▶ [What you will do]
The reply to the records below should contain exactly the lines from the line with "高速ピアノ曲、キラキラ輝くイメージの未再生の波形" through the line with "Switchblade Divot Tool", and nothing besides.

▶ [Material to process]
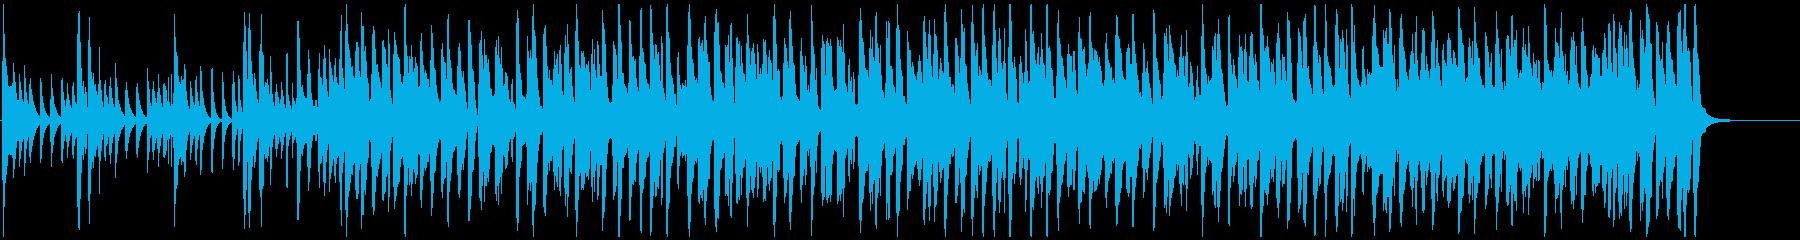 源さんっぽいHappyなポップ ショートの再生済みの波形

--

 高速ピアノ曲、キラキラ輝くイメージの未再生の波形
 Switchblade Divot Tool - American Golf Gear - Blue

▶ [Solution to this task]
 高速ピアノ曲、キラキラ輝くイメージの未再生の波形
 Switchblade Divot Tool - American Golf Gear - Blue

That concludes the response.